Unless you're PGP'ing everything that comes and goes from your mailbox, you have Z E R O guaranteed security. Sure your mail server host may claim that they are hosting only, but you can never be sure that an employee has not gone rouge. What if the host decides to start monitoring your mail server upstream?
Host the server at home instead? Well do you trust your ISP? I imagine you don't.
Trust along the entire transit of the message, as well as the final destination? Can't there either.
So in the end it doesn't matter if there's yet another service in the middle. API or host or anything. If you're not encrypting it locally it doesn't matter. Period. The only point you can sell on is you are removing a service that can cause a point of failure. But don't act like it's more secure than before.
I'm well aware of that. Right now it's just as important for me to try to manage my security and privacy.

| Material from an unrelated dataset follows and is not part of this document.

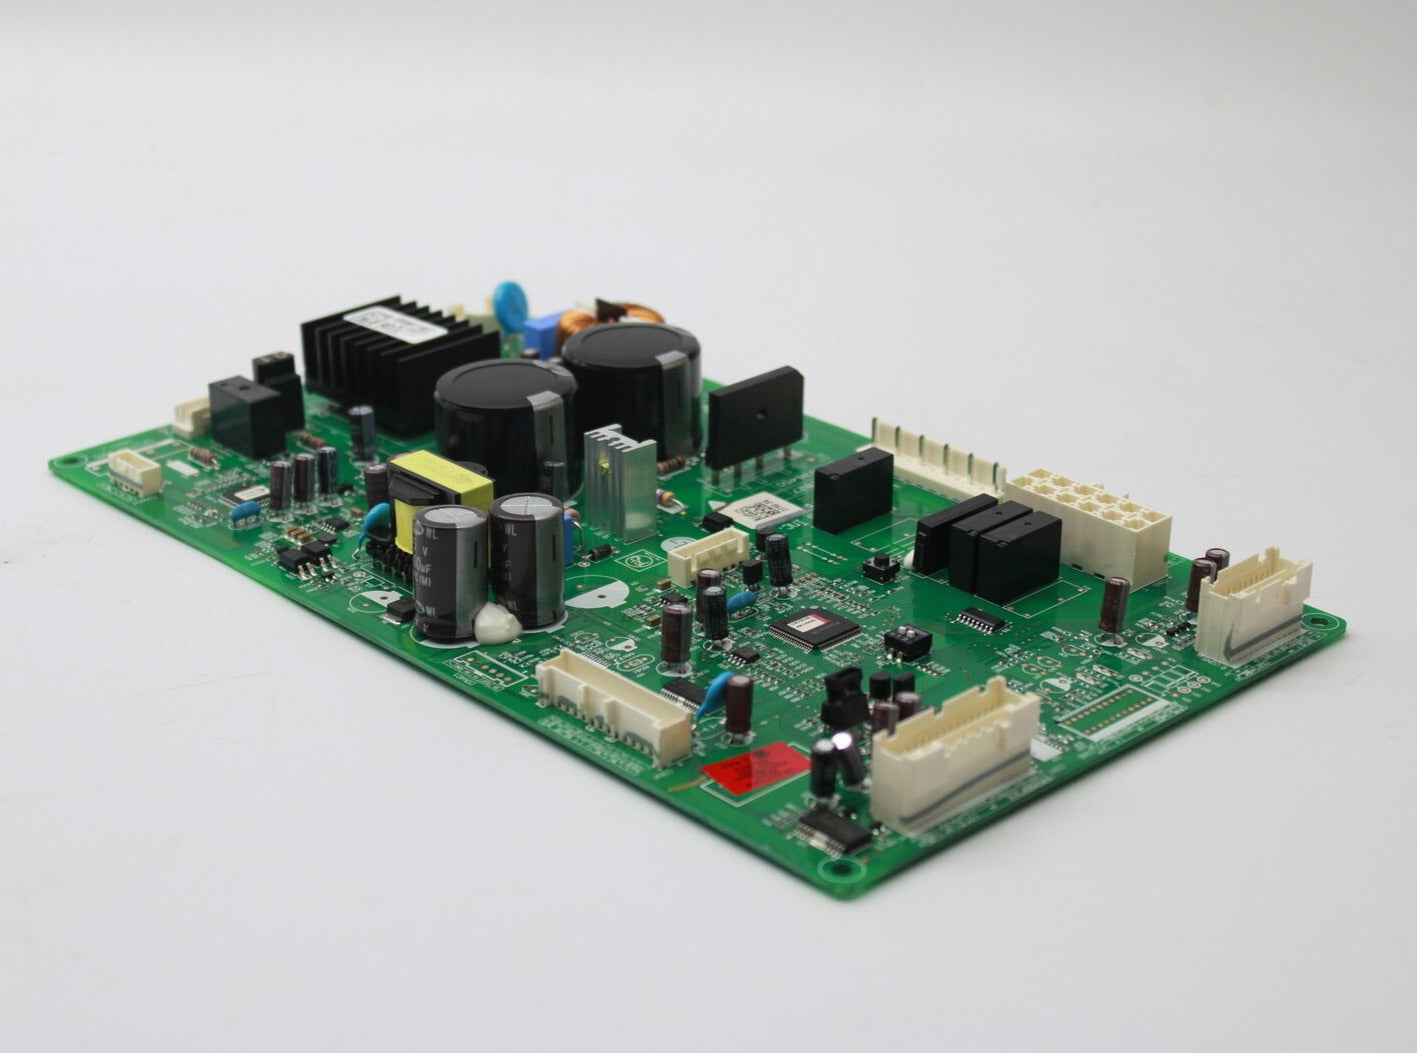 LG Refrigerator Main Control Board Assembly OEM - EBR81182790, Replaces: AP6976726 PS12742546 EAP12742546 PD00075038

Hosting the mail server at home would be a possibility (we have a fiber connection). I could also place a server in the datacenter of a friend and do the mail hosting myself. I don't want to spend the time to manage my email hosting since I'm depending on it. Running your own mailserver is not as easy as it sounds like. It's rather time consuming when you want to do it in a sound way:
- Spam filtering
- DKIM
- SPF
- Security
etc... Sure I could follow a $random_tutorial but then I would surely miss a couple of best practices. I don't think this time is well spent because I'm paying other people more knowledgeable about email to do it for me. That's a conscious decision I made. I rather not have an additional party involved when I see no need.
Please note that also used to run/help run a couple of large mail servers. So I have a general idea how they behave and what to do.
But that's how security works. Reducing the surface area is great, nothing wrong with that. However, the system is only as strong as the weakest link. E-mail is hilariously insecure, so just avoiding a single layer, API, or applications and calling it done is not enough.
Host the server at home instead? Well do you trust your ISP? I imagine you don't.
Trust along the entire transit of the message, as well as the final destination? Can't there either.
So in the end it doesn't matter if there's yet another service in the middle. API or host or anything. If you're not encrypting it locally it doesn't matter. Period. The only point you can sell on is you are removing a service that can cause a point of failure. But don't act like it's more secure than before.